Between them stood the singer. She was a pale brunette, slight and graceful, and apparently not more than twenty-five years of age. The somewhat severe oval of her face was relieved by a pair of bright black eyes that seemed to grow larger as she sang. One hand rested gently on the shoulder of the girl at the piano, and with this she seemed to keep time, pressing gently on the shoulder of the performer to stimulate her zeal. And that hand was delicious!

A hymn by Palestrina had succeeded the Bach prelude. It was a quartette, to which two new voices lent their aid. The old priest laid aside his violoncello, stood up, took off his spectacles, and his deep bass completed the full measure of the melody.

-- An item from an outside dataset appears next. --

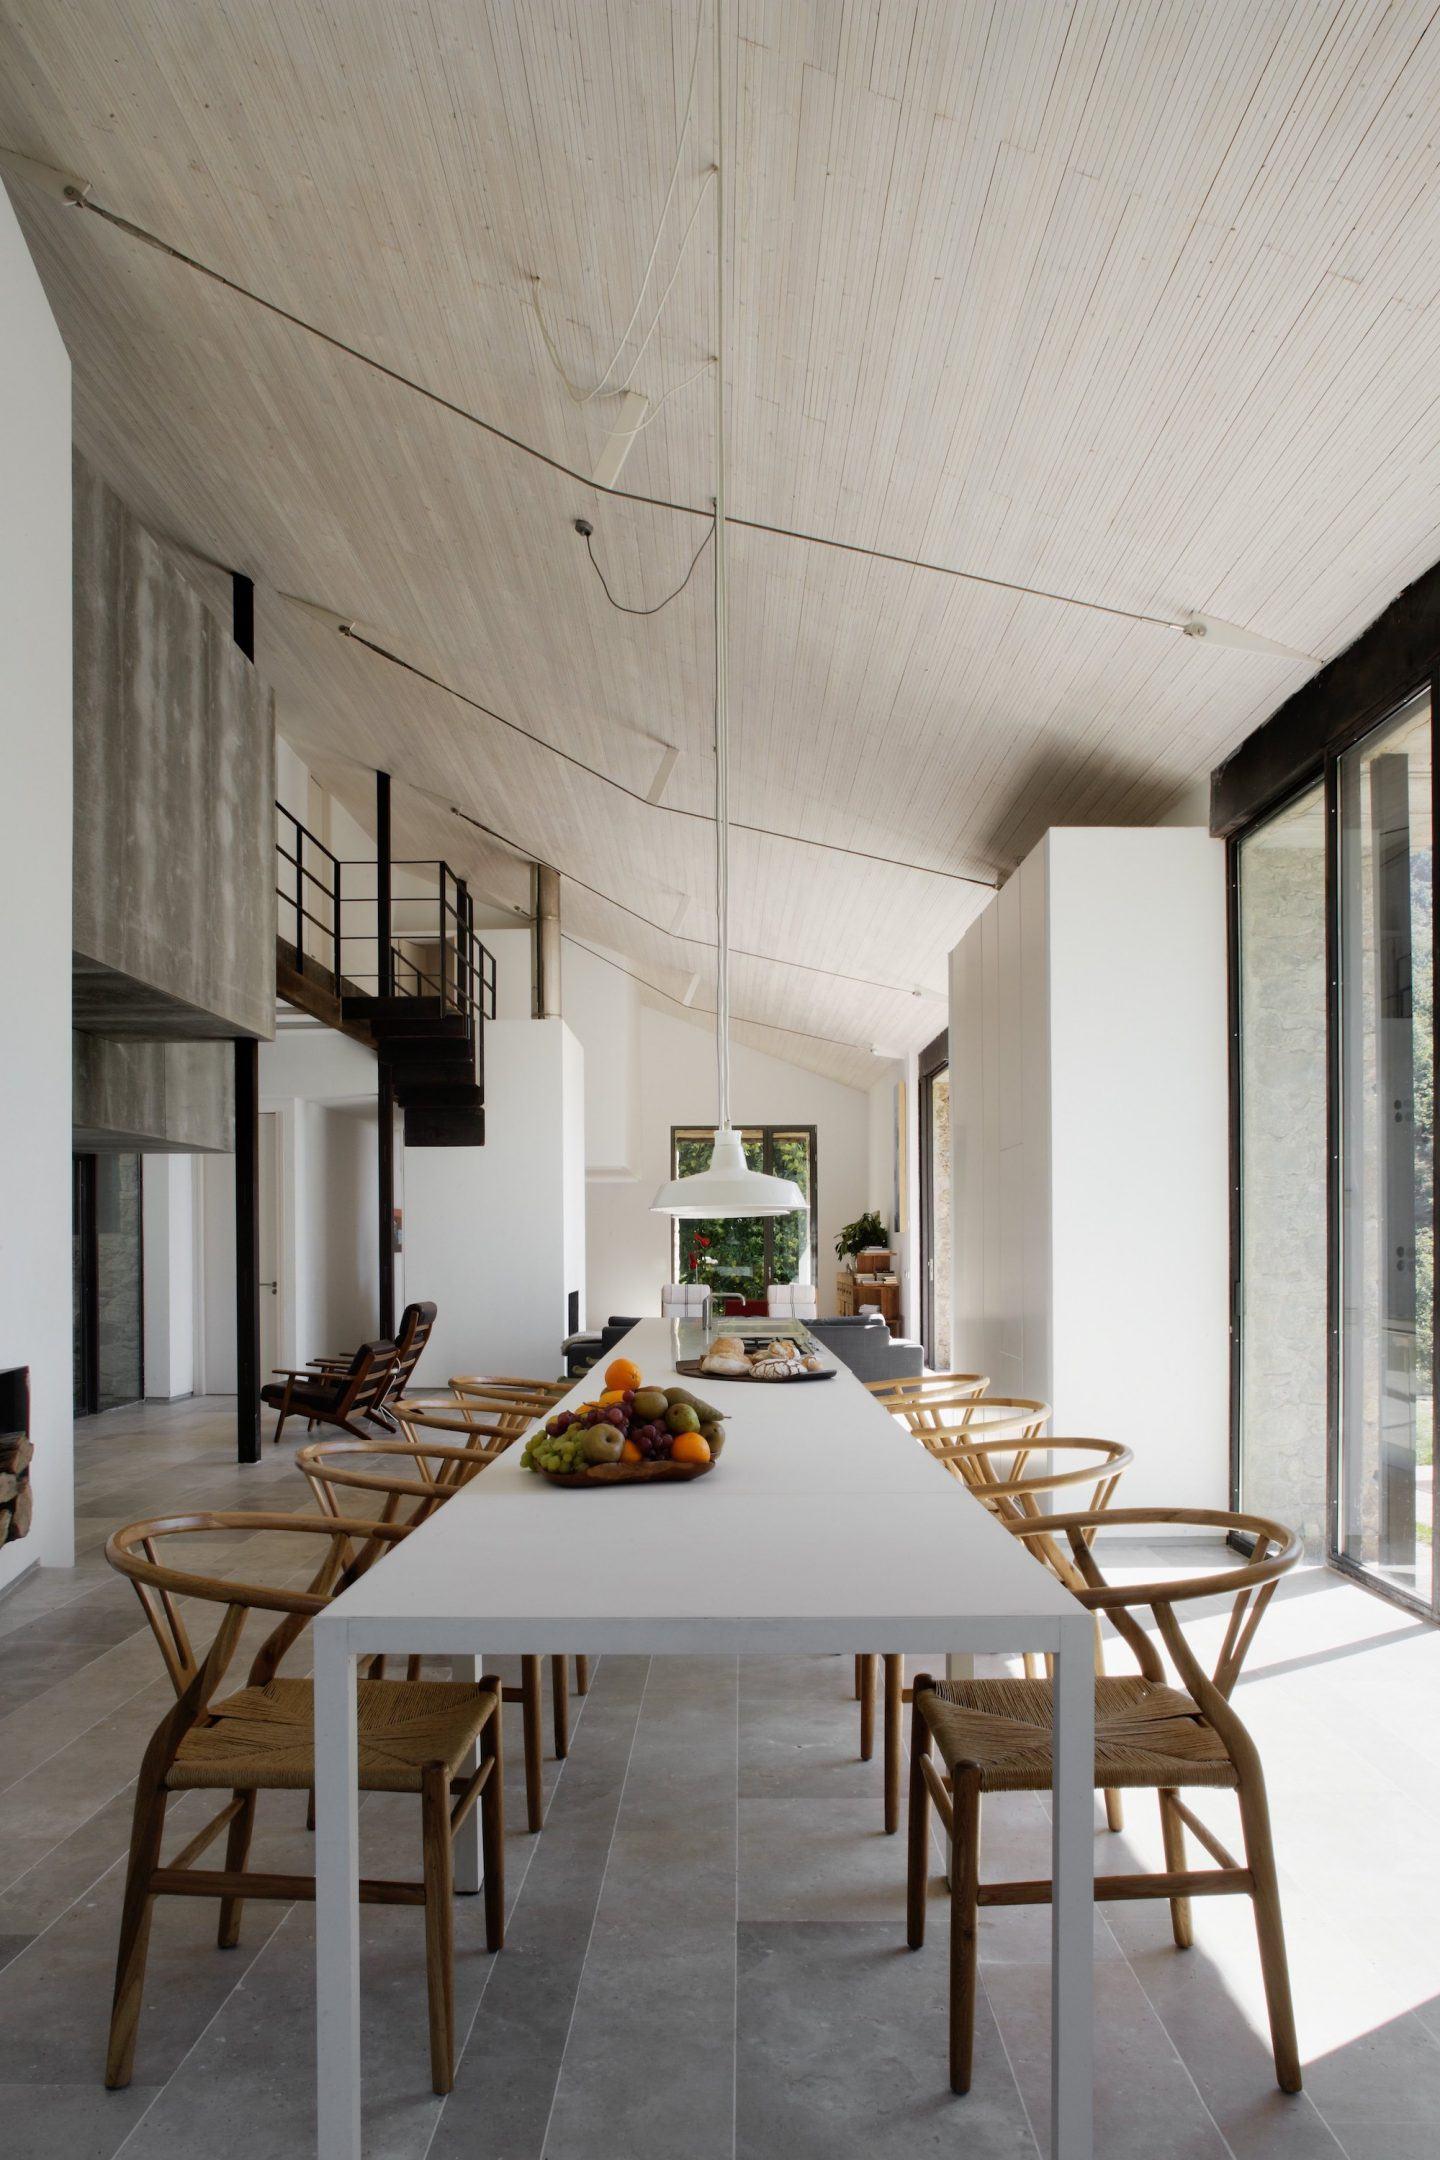 IGNANT-Travel-Abaton-Arquitectura-Finca-Extremadura-011

After the quartette followed a few moments of general conversation, during which—after embracing the child pianist, who immediately left the room—the songstress walked to the window. She leaned out as if to breathe the fresh air, and her profile was sharply relieved against the bright light behind her, in which the others formed a group around the priest, who once more donned his spectacles, and drew from his pocket a paper that appeared to be a manuscript.

The lady leaned from the window, gently fanning herself, as she looked now at the sky, now at the dark landscape. Camors imagined he could distinguish her gentle breathing above the sound of the fan; and leaning eagerly forward for a better view, he caused the leaves to rustle slightly. She started at the sound, then remained immovable, and the fixed position of her head showed that her gaze was fastened upon the oak in which he was concealed.

He felt the awkwardness of his position, but could not judge whether or not he was visible to her; but, under the danger of her fixed regard, he passed the most painful moments of his life.

She turned into the room and said, in a calm voice, a few words which brought three or four of her friends to the window; and among them Camors recognized the old man with the violin.